Instructions for the task → An exact copy of the listing below is the answer, with the pictures removed.

Data shown →
^^^^^^^^^^^^^^^^

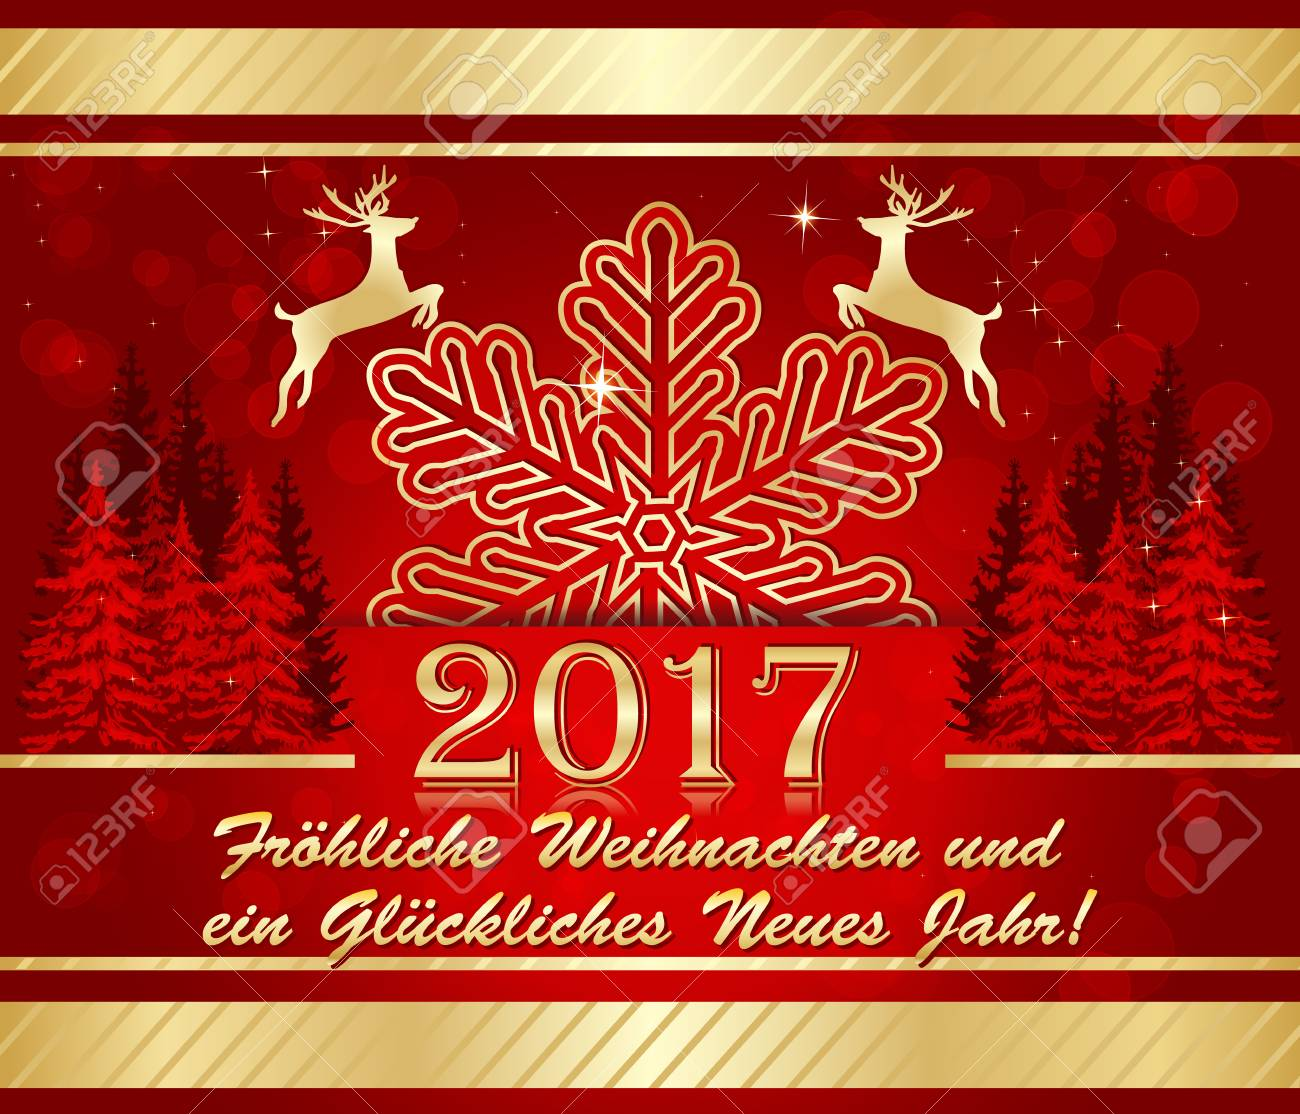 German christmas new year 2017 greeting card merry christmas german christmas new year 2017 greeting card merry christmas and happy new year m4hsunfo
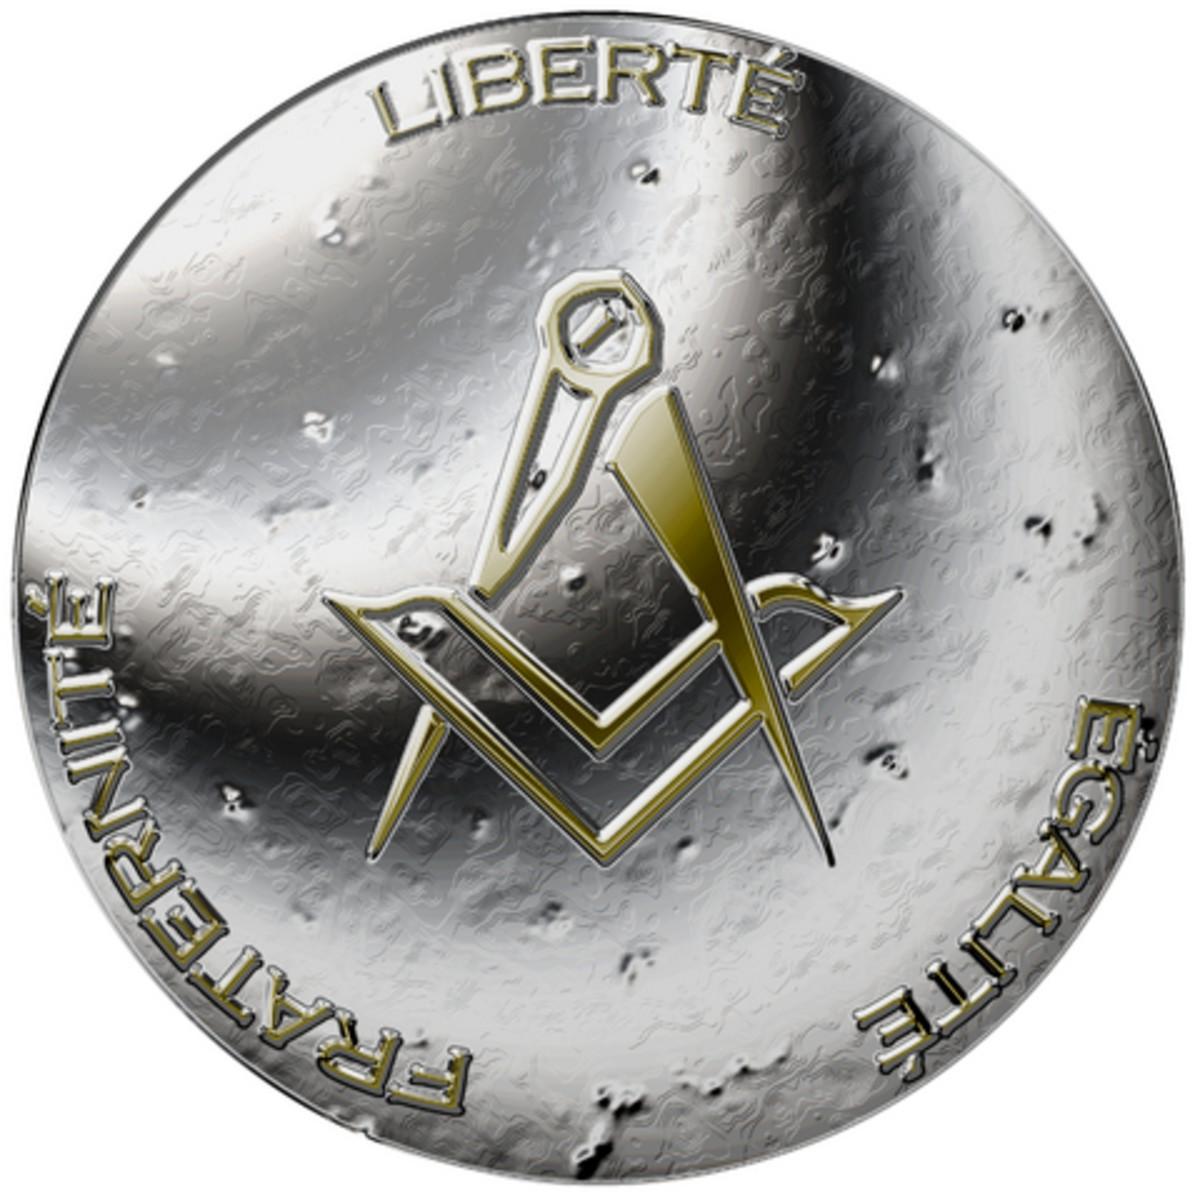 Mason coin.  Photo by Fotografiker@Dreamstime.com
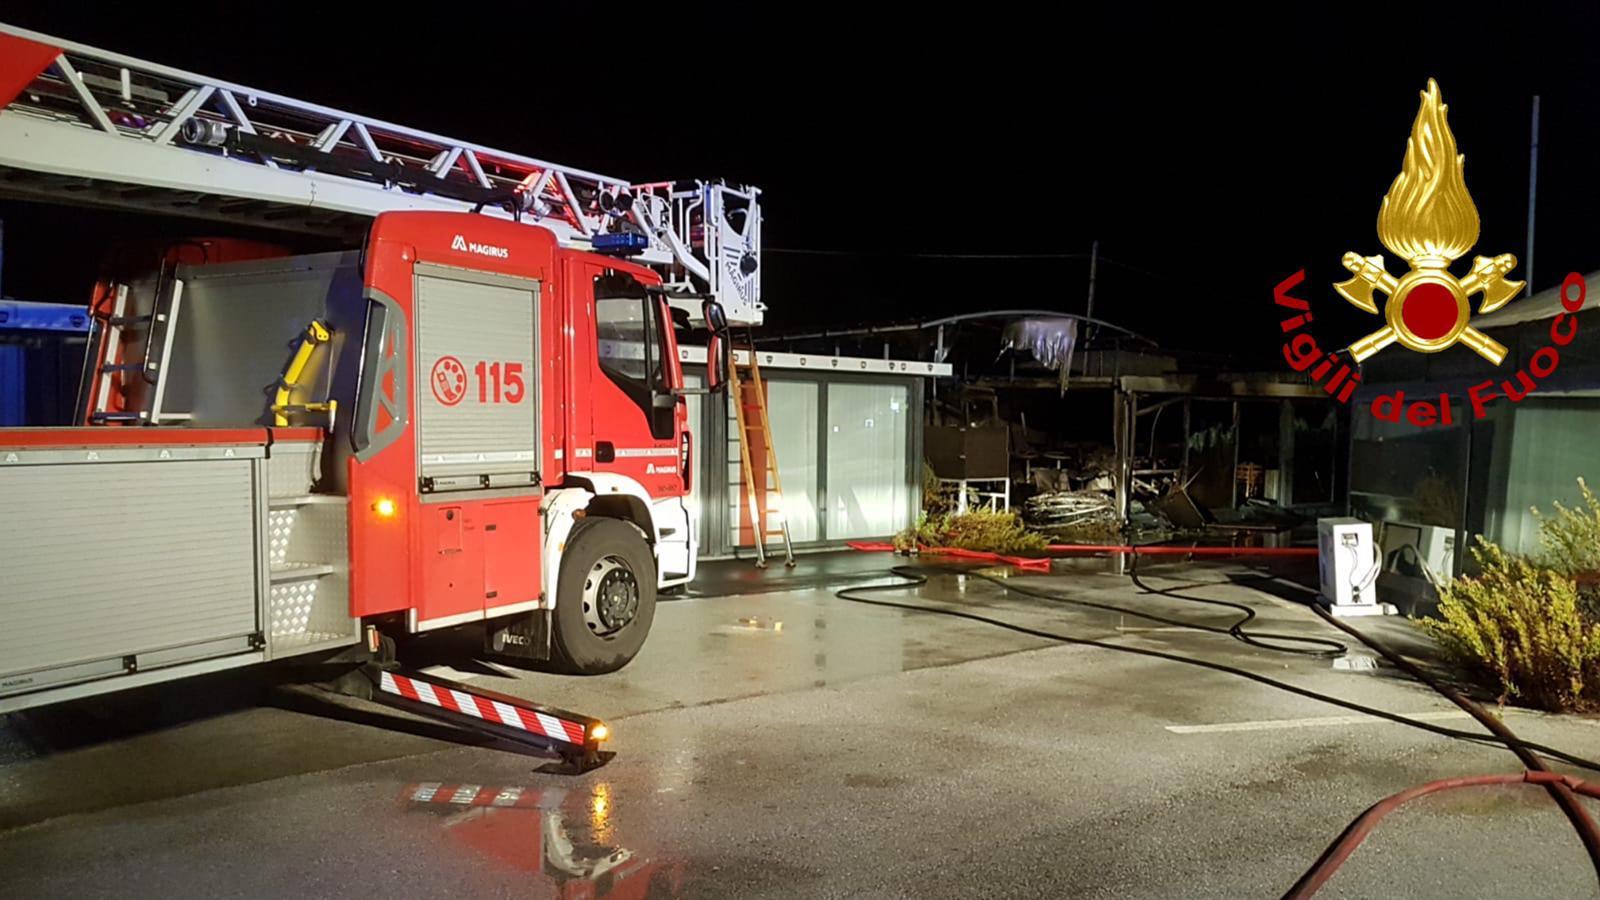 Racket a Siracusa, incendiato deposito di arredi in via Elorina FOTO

^^^^^^^^^^^^^^^^

The answer →
 German christmas new year 2017 greeting card merry christmas german christmas new year 2017 greeting card merry christmas and happy new year m4hsunfo
 Mason coin.  Photo by Fotografiker@Dreamstime.com
 Racket a Siracusa, incendiato deposito di arredi in via Elorina FOTO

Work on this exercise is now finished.